The hierarchy of exceptions raised by operating system errors is now both
simplified and finer-grained.
You don't have to worry anymore about choosing the appropriate exception
type between :exc:`OSError`, :exc:`IOError`, :exc:`EnvironmentError`,
:exc:`WindowsError`, :exc:`mmap.error`, :exc:`socket.error` or
:exc:`select.error`. All these exception types are now only one:
:exc:`OSError`. The other names are kept as aliases for compatibility
reasons.
Also, it is now easier to catch a specific error condition. Instead of
inspecting the ``errno`` attribute (or ``args[0]``) for a particular
constant from the :mod:`errno` module, you can catch the adequate
:exc:`OSError` subclass. The available subclasses are the following:
* :exc:`BlockingIOError`
* :exc:`ChildProcessError`
* :exc:`ConnectionError`
* :exc:`FileExistsError`
* :exc:`FileNotFoundError`
* :exc:`InterruptedError`
* :exc:`IsADirectoryError`
* :exc:`NotADirectoryError`
* :exc:`PermissionError`
* :exc:`ProcessLookupError`
* :exc:`TimeoutError`
And the :exc:`ConnectionError` itself has finer-grained subclasses:
* :exc:`BrokenPipeError`
* :exc:`ConnectionAbortedError`
* :exc:`ConnectionRefusedError`
* :exc:`ConnectionResetError`
Thanks to the new exceptions, common usages of the :mod:`errno` can now be
avoided. For example, the following code written for Python 3.2::
from errno import ENOENT, EACCES, EPERM
try:
with open("document.txt") as f:
content = f.read()
except IOError as err:
if err.errno == ENOENT:
print("document.txt file is missing")
elif err.errno in (EACCES, EPERM):
print("You are not allowed to read document.txt")
else:
raise
can now be written without the :mod:`errno` import and without manual
inspection of exception attributes::
try:
with open("document.txt") as f:
content = f.read()
except FileNotFoundError:
print("document.txt file is missing")
except PermissionError:
print("You are not allowed to read document.txt")

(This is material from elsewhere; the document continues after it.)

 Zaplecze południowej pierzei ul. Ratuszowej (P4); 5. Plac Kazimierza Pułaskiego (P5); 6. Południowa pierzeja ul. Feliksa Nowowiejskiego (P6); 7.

PEP 380: Syntax for Delegating to a Subgenerator
================================================
PEP 380 adds the ``yield from`` expression, allowing a generator to delegate
part of its operations to another generator. This allows a section of code
containing 'yield' to be factored out and placed in another generator.
Additionally, the subgenerator is allowed to return with a value, and the
value is made available to the delegating generator.

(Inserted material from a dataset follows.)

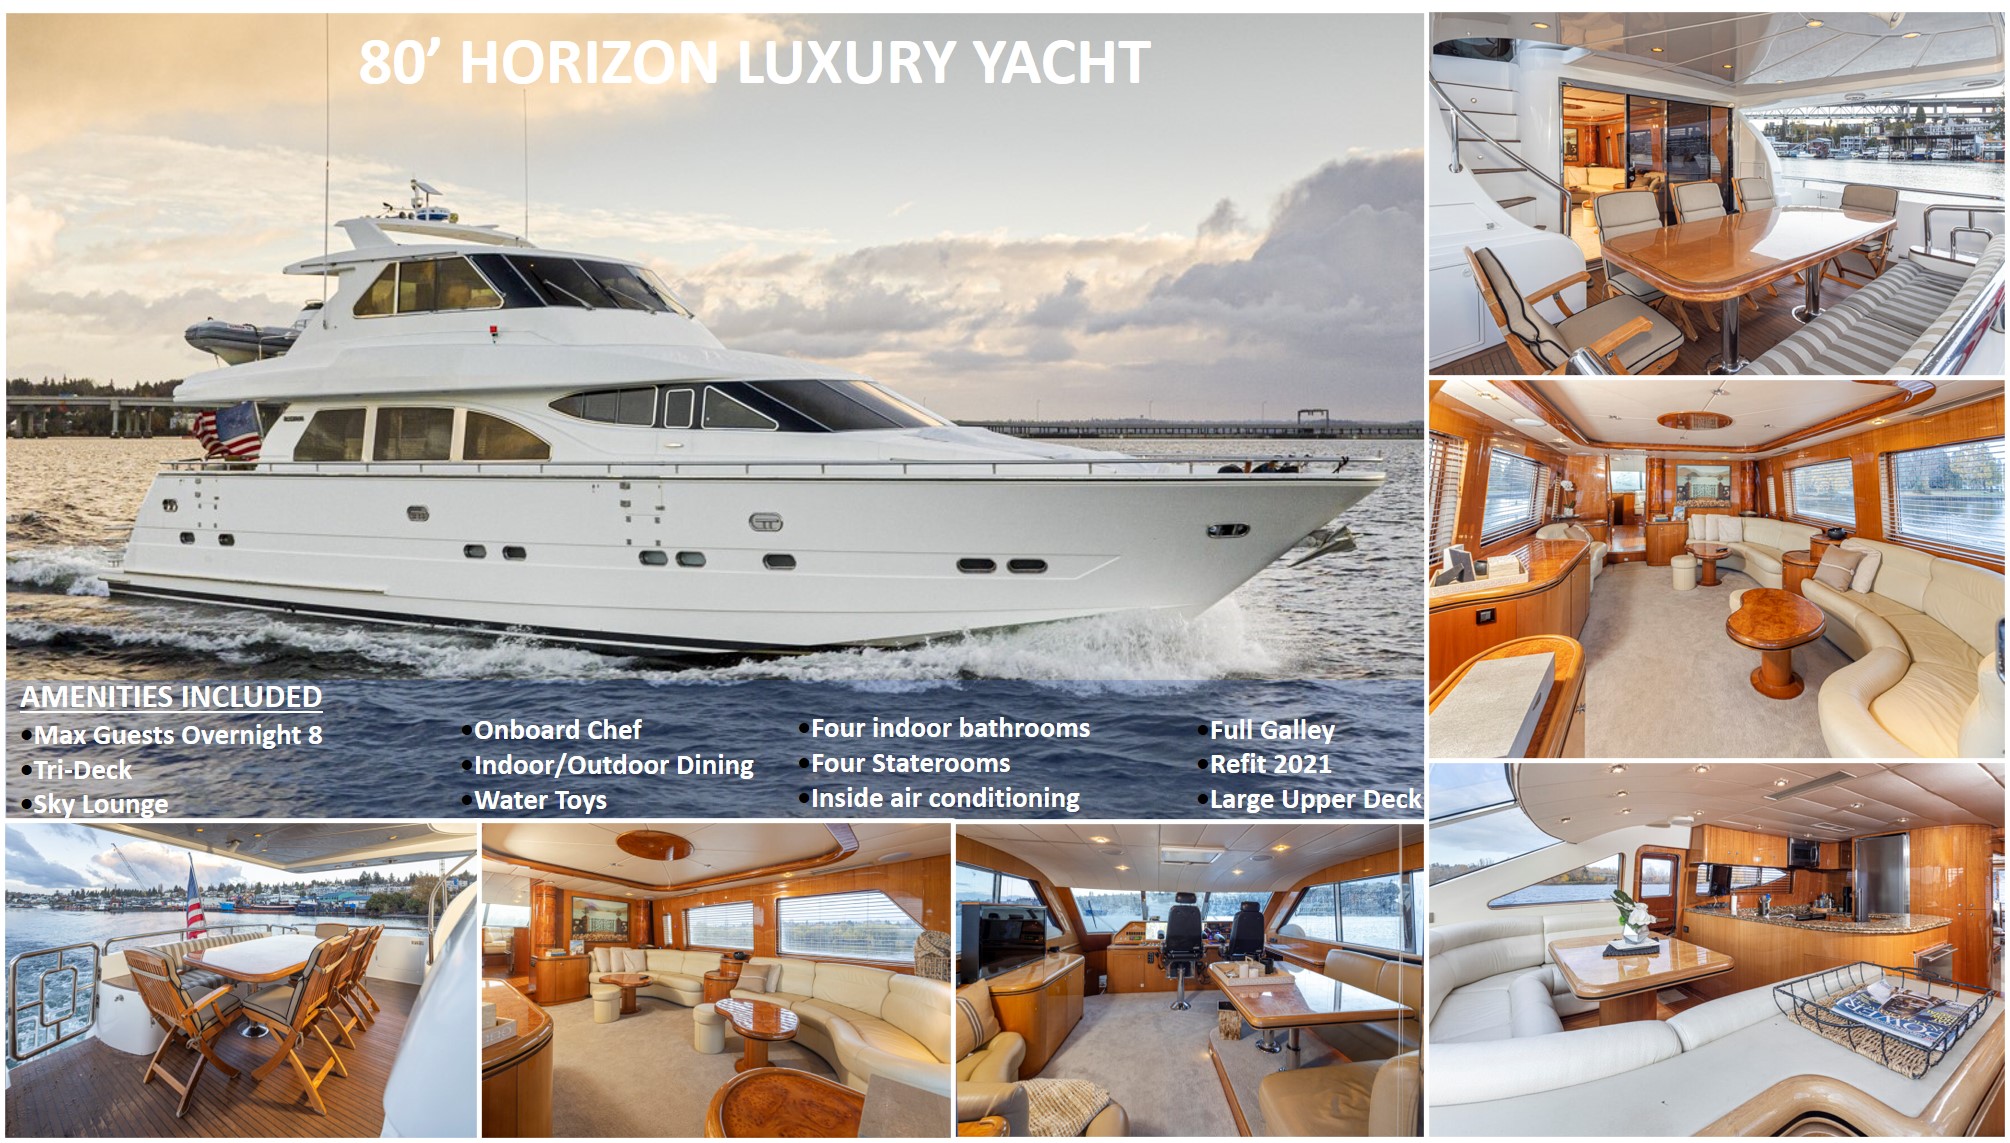 80-Horizon-Luxury-Yacht

While designed primarily for use in delegating to a subgenerator, the ``yield
from`` expression actually allows delegation to arbitrary subiterators.
(Implementation by Greg Ewing, integrated into 3.3 by Renaud Blanch, Ryan
Kelly and Nick Coghlan, documentation by Zbigniew Jędrzejewski-Szmek and
Nick Coghlan)
PEP 3155: Qualified name for classes and functions
==================================================
:pep:`3155` - Qualified name for classes and functions
PEP written and implemented by Antoine Pitrou.

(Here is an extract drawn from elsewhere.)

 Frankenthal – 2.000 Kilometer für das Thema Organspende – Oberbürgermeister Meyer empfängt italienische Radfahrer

Functions and class objects have a new ``__qualname__`` attribute representing
the "path" from the module top-level to their definition. For global functions
and classes, this is the same as ``__name__``. For other functions and classes,
it provides better information about where they were actually defined, and
how they might be accessible from the global scope.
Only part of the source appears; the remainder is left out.